What this task involves:
Your answer must be a word-for-word copy of the listing below, minus its pictures.

### The data

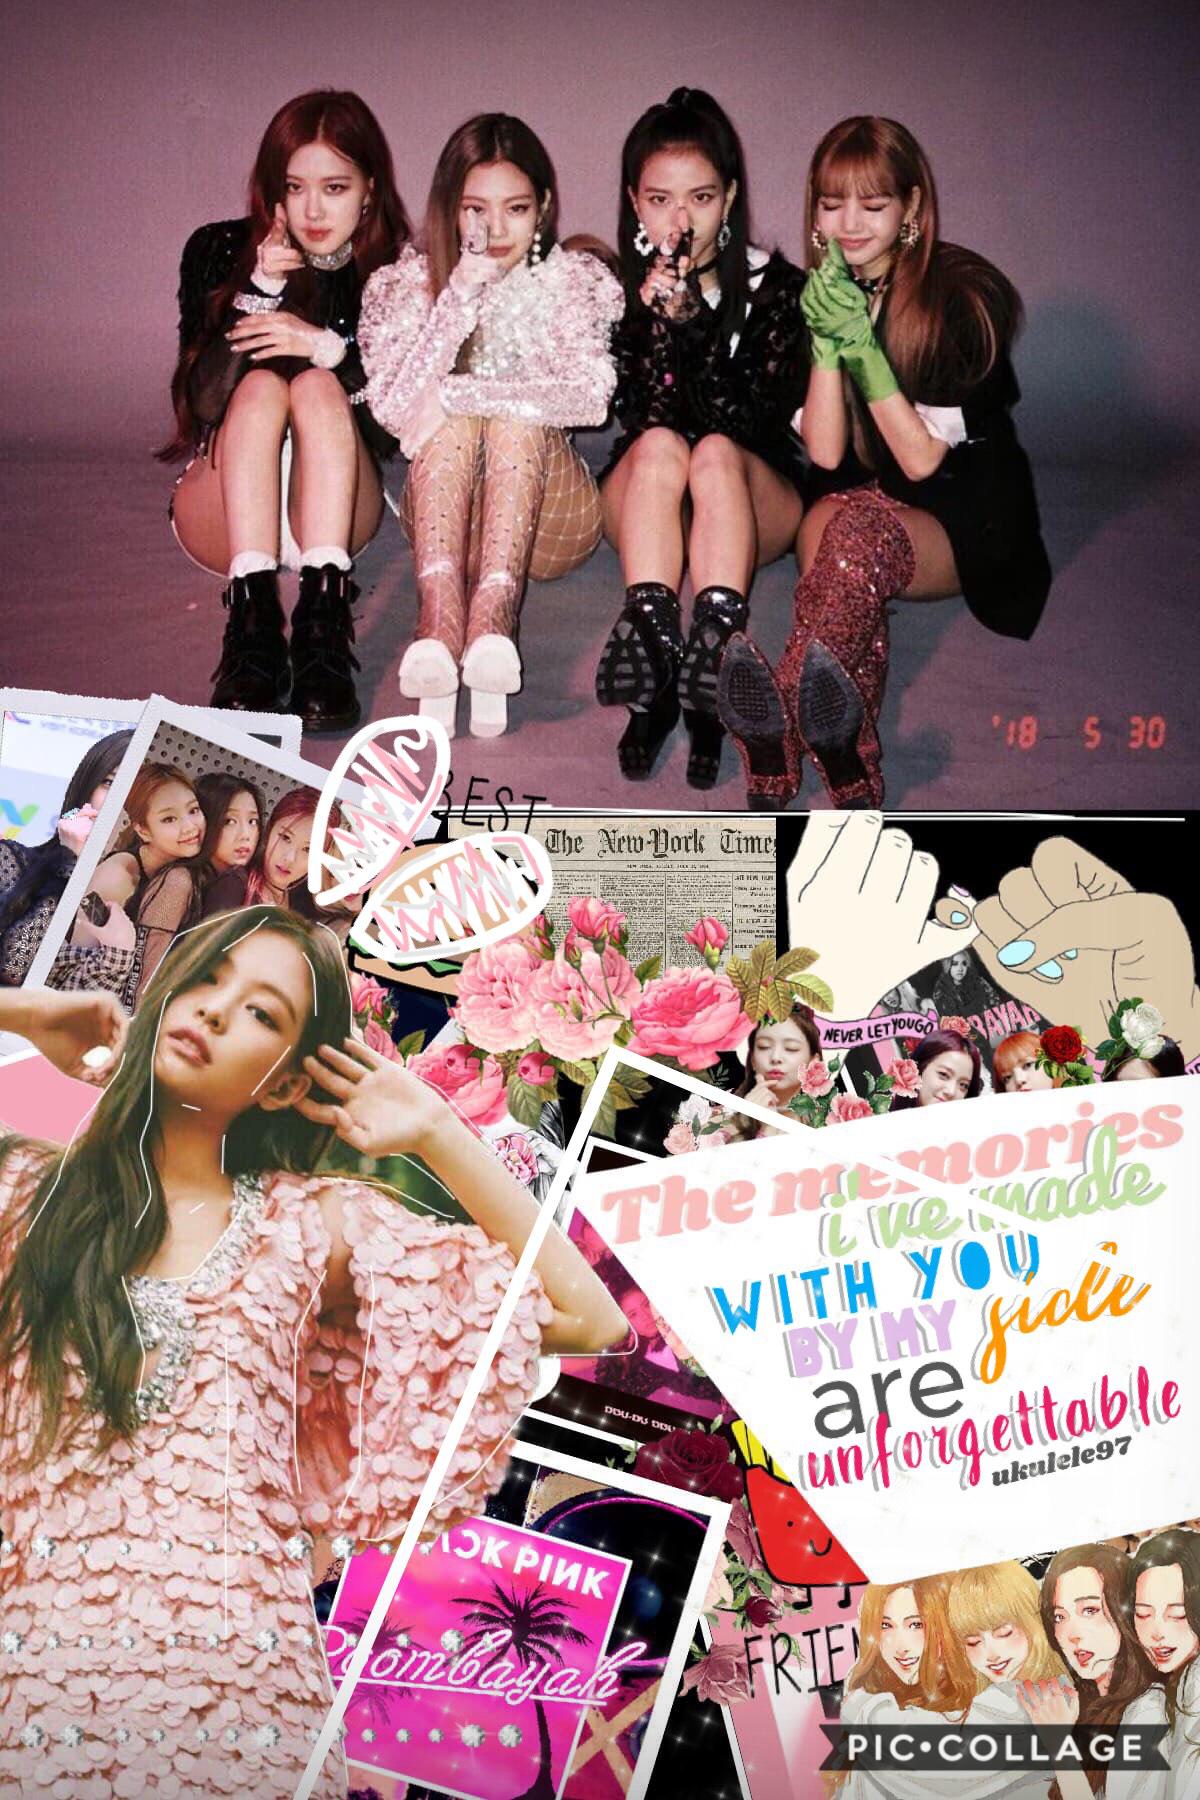 Tappy♥️💥🎉

A Blackpink collage! It’s for contest! I just started listening to KPop and am hooked! I purple Blackpink ♥️ over all KPop groups! QOTD What’s your fave music artist? AOTD: honestly it’s too hard to pick for me 😂 Happy New Years Eve! 🎉
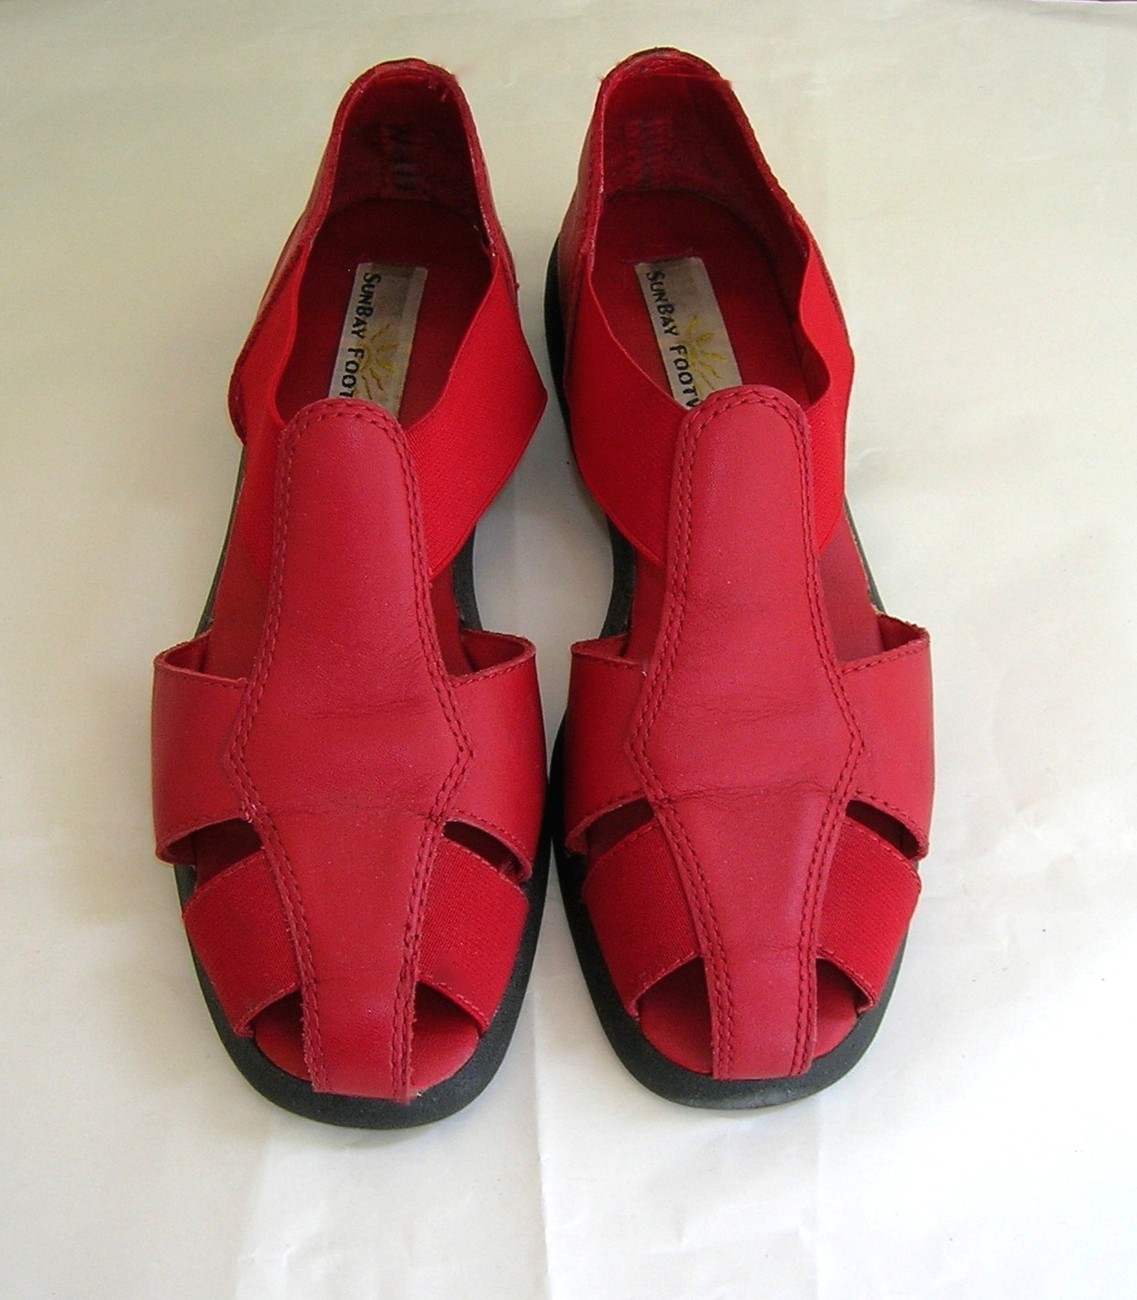 Red Leather Sunbay Fisherman Shoes sz. 7B - Flats & Oxfords

######

Task solution:
 Tappy♥️💥🎉

A Blackpink collage! It’s for contest! I just started listening to KPop and am hooked! I purple Blackpink ♥️ over all KPop groups! QOTD What’s your fave music artist? AOTD: honestly it’s too hard to pick for me 😂 Happy New Years Eve! 🎉
 Red Leather Sunbay Fisherman Shoes sz. 7B - Flats & Oxfords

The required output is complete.